И Катя, не переставая заниматься тайским, к которому прибавилось изучение придворного этикета под руководством леди Чам, принялась устраивать жилище. И столько любви и старания вложила она в Парускаван, что всегда впоследствии думала о нем как о самом любимом своем доме.
Собственно, само здание было ничуть не больше их киевского особняка, но тот был стиснут со всех сторон улицей и другими домами. А то, что называлось одним словом – Парускаван, было не меньше, чем мамины родовые Хижняки.
Огромный ухоженный сад, окруженный высокой стеной, пересекал канал шириною футов в пятнадцать. Рядом с ним розовели распустившимися ароматными лотосами два небольших озера. Чистота, порядок, посыпанные белым и красным песком дорожки. Пожалуй, только нигде не заметно печати личного вкуса бывших хозяев.
– Лек, а кто здесь жил?
– Да никто подолгу. Парускаван всегда был гостиницей для самых именитых членов королевских семей. Что-то изменим, перестроим. Отдадим дань моему не слишком большому честолюбию – украсим внешние стены позолоченным орнаментом из жезлов и дисков. Это эмблема Чакрабона. Будет внушительно и красиво.
В одной стороне сада располагался целый городок прислуги.

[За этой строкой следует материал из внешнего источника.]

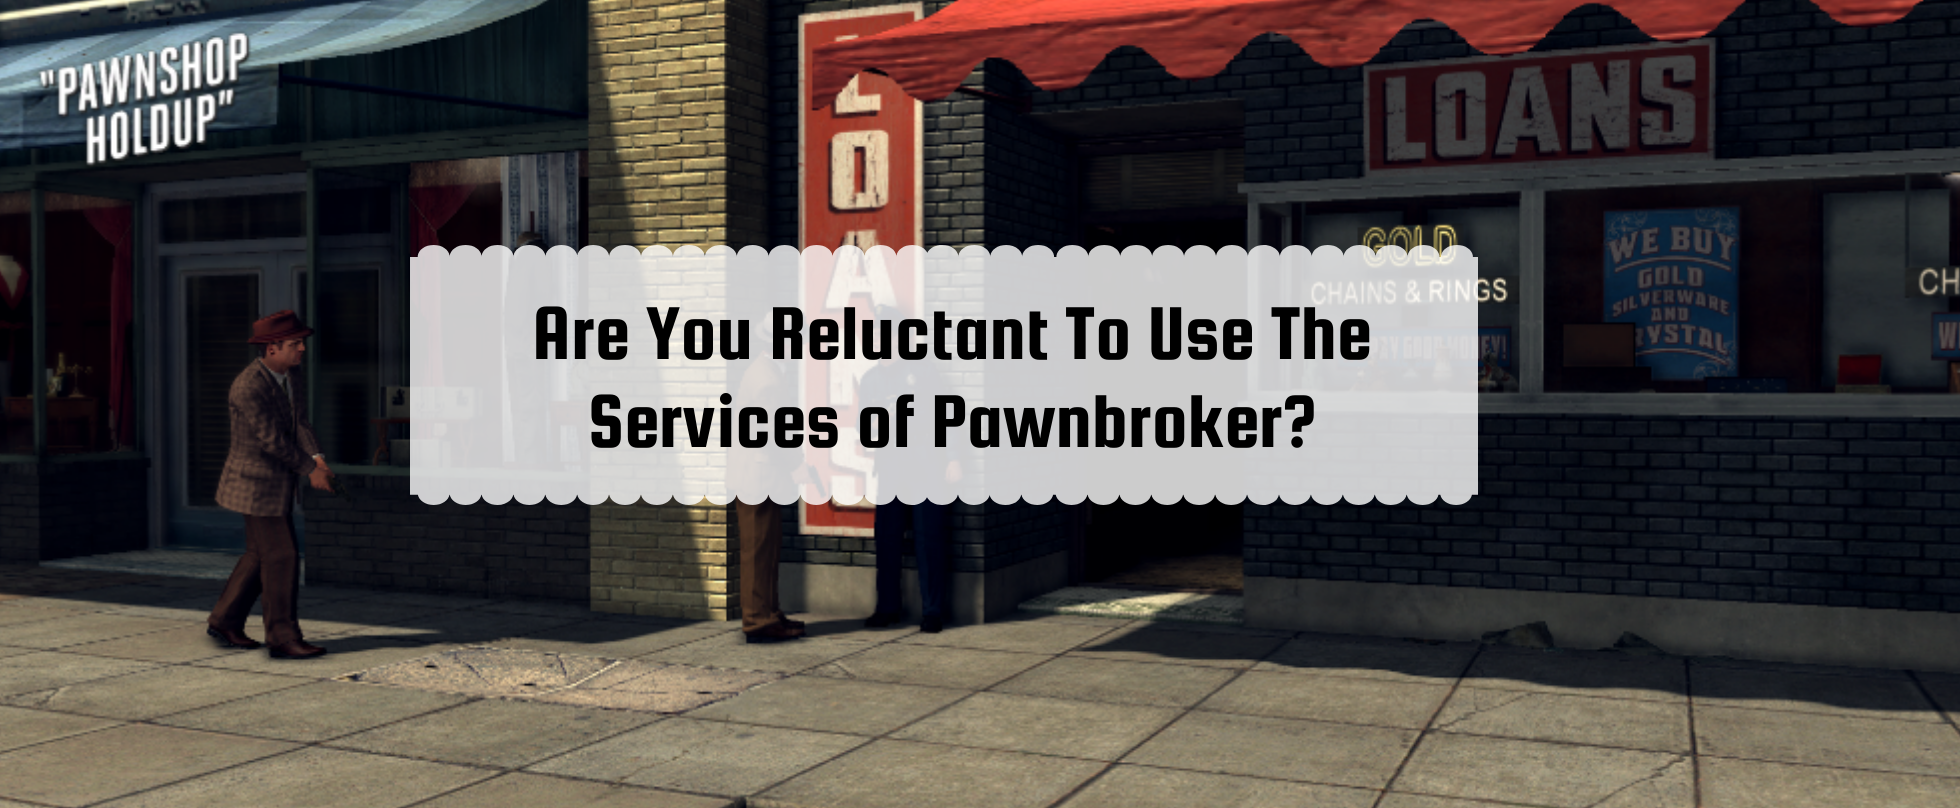 Are You Reluctant to Use The Services of Pawnbroker

Каждый из садовников, грумов, конюхов и поваров жил в отдельном доме или квартире вместе с семьей, а подчас и с престарелыми родителями. Лек провел жену к конюшне, где стояло десятка три лошадей:
– Узнаешь?
– Твоя Ромашка!..– Она подошла к табличке над стойлом. – А почему через «а»– Ramashka? Ошибка. Скажи, чтобы исправили.
– Нет, не ошибка. Я ее именно так назвал, когда получил белым жеребенком. Во-первых, потому что не блестяще знал русский язык, а потом меня пленили в этом слове первые четыре буквы, показалось что-то родное. – Он улыбнулся.

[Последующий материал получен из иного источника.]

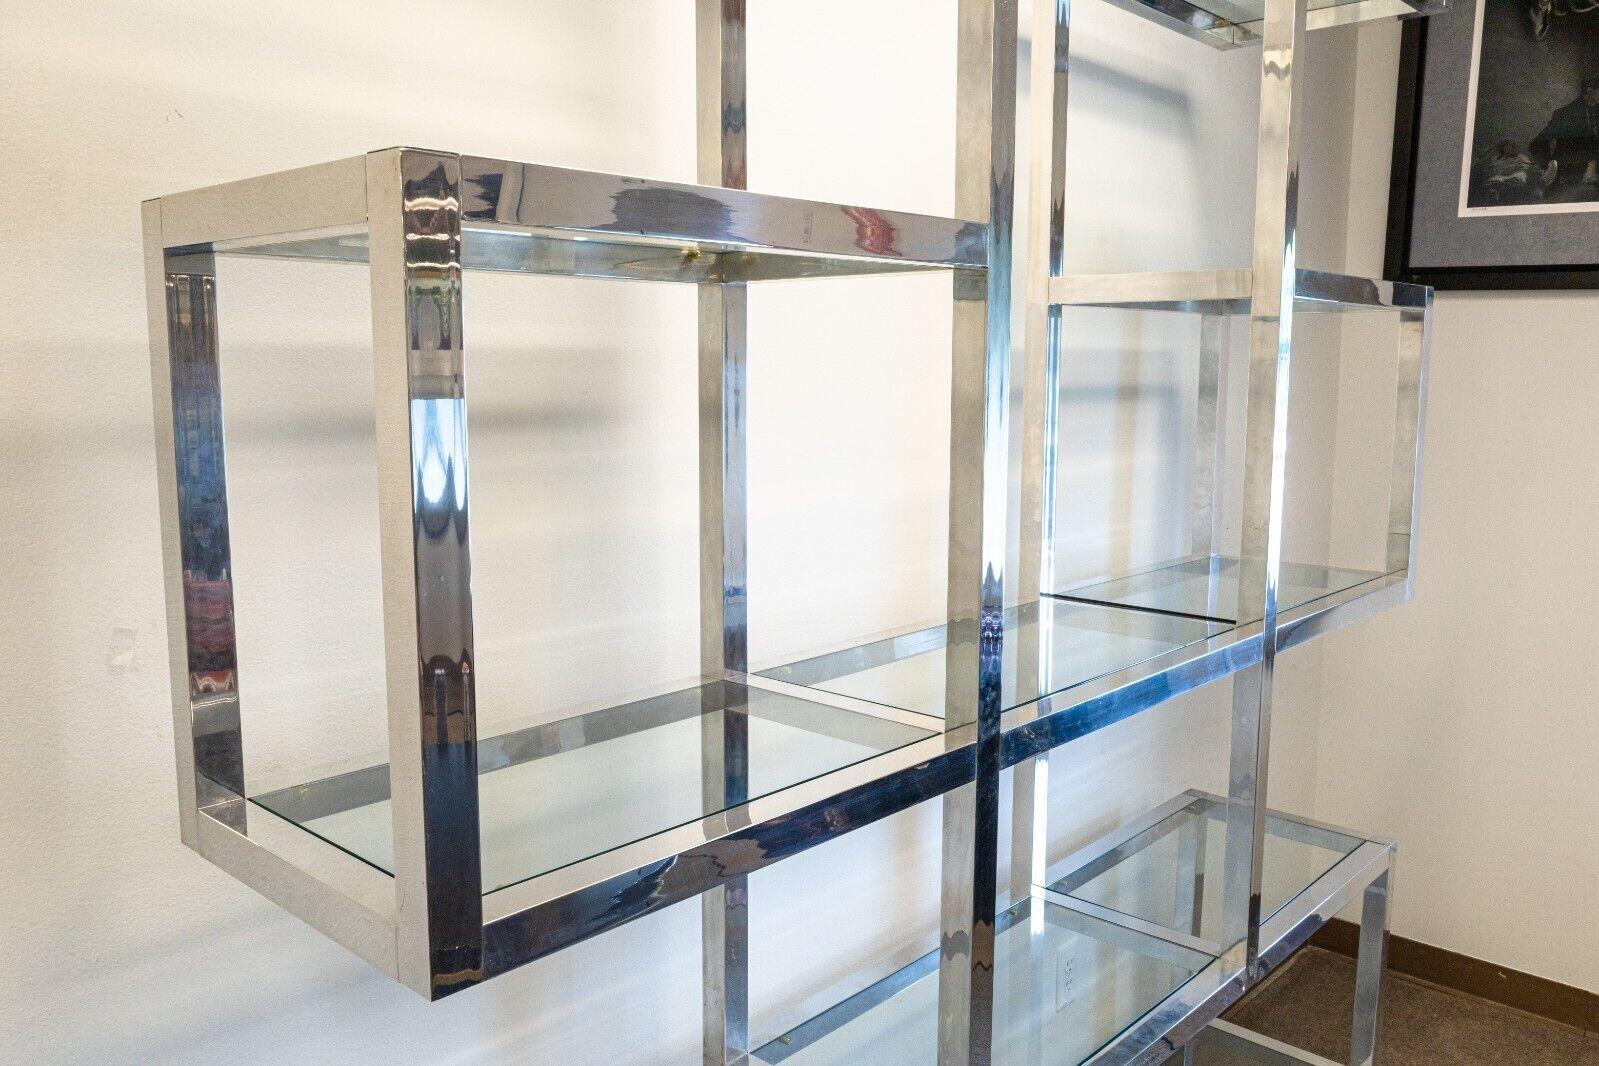 Milo Baughman Style Large Chrome and Glass Floating Etagere Shelving Wall Unit In Good Condition For Sale In Keego Harbor, MI

Из двух жилых домов Парускавана один предназначался семье хозяев, второй – гостям. Оба были двухэтажными, построенными в итальянском стиле и всеми назывались Первый и Второй.
В общих чертах отделка Парускавана была завершена через год. Единственным пожеланием Лека было декорирование столовой деревянными панелями, отчего она стала похожей на английские обеденные комнаты. Остальным с удовольствием занималась сама Катя: для большой гостиной она выбрала любимый голубой цвет, для маленькой – розовый, для своего кабинета – бледно-зеленый. Кабинет был единственной комнатой, куда категорически запрещалось залезать Нане, белой обезьянке, подаренной Леком. Она была избранной, отмеченной богом, – маленькой альбиноской. И, чувствуя почитание слуг, усиленное любовью хозяев, позволяла себе рискованные забавы. В кабинете же был маленький иконостас, привлекающий Нану, – единственное напоминание о Катиной православной религии. И всегда горела крошечная лампадка. А восемнадцатого июля, в день святого Сергия, Катя первый раз зажгла возле иконы богоматери тоненькую свечку, перевитую золотой полоской, но молитвы за упокой души Савельева не читала. Может, жив все-таки? Лек не спрашивал, зачем свеча, да и дома бывал очень мало, занятый на службе.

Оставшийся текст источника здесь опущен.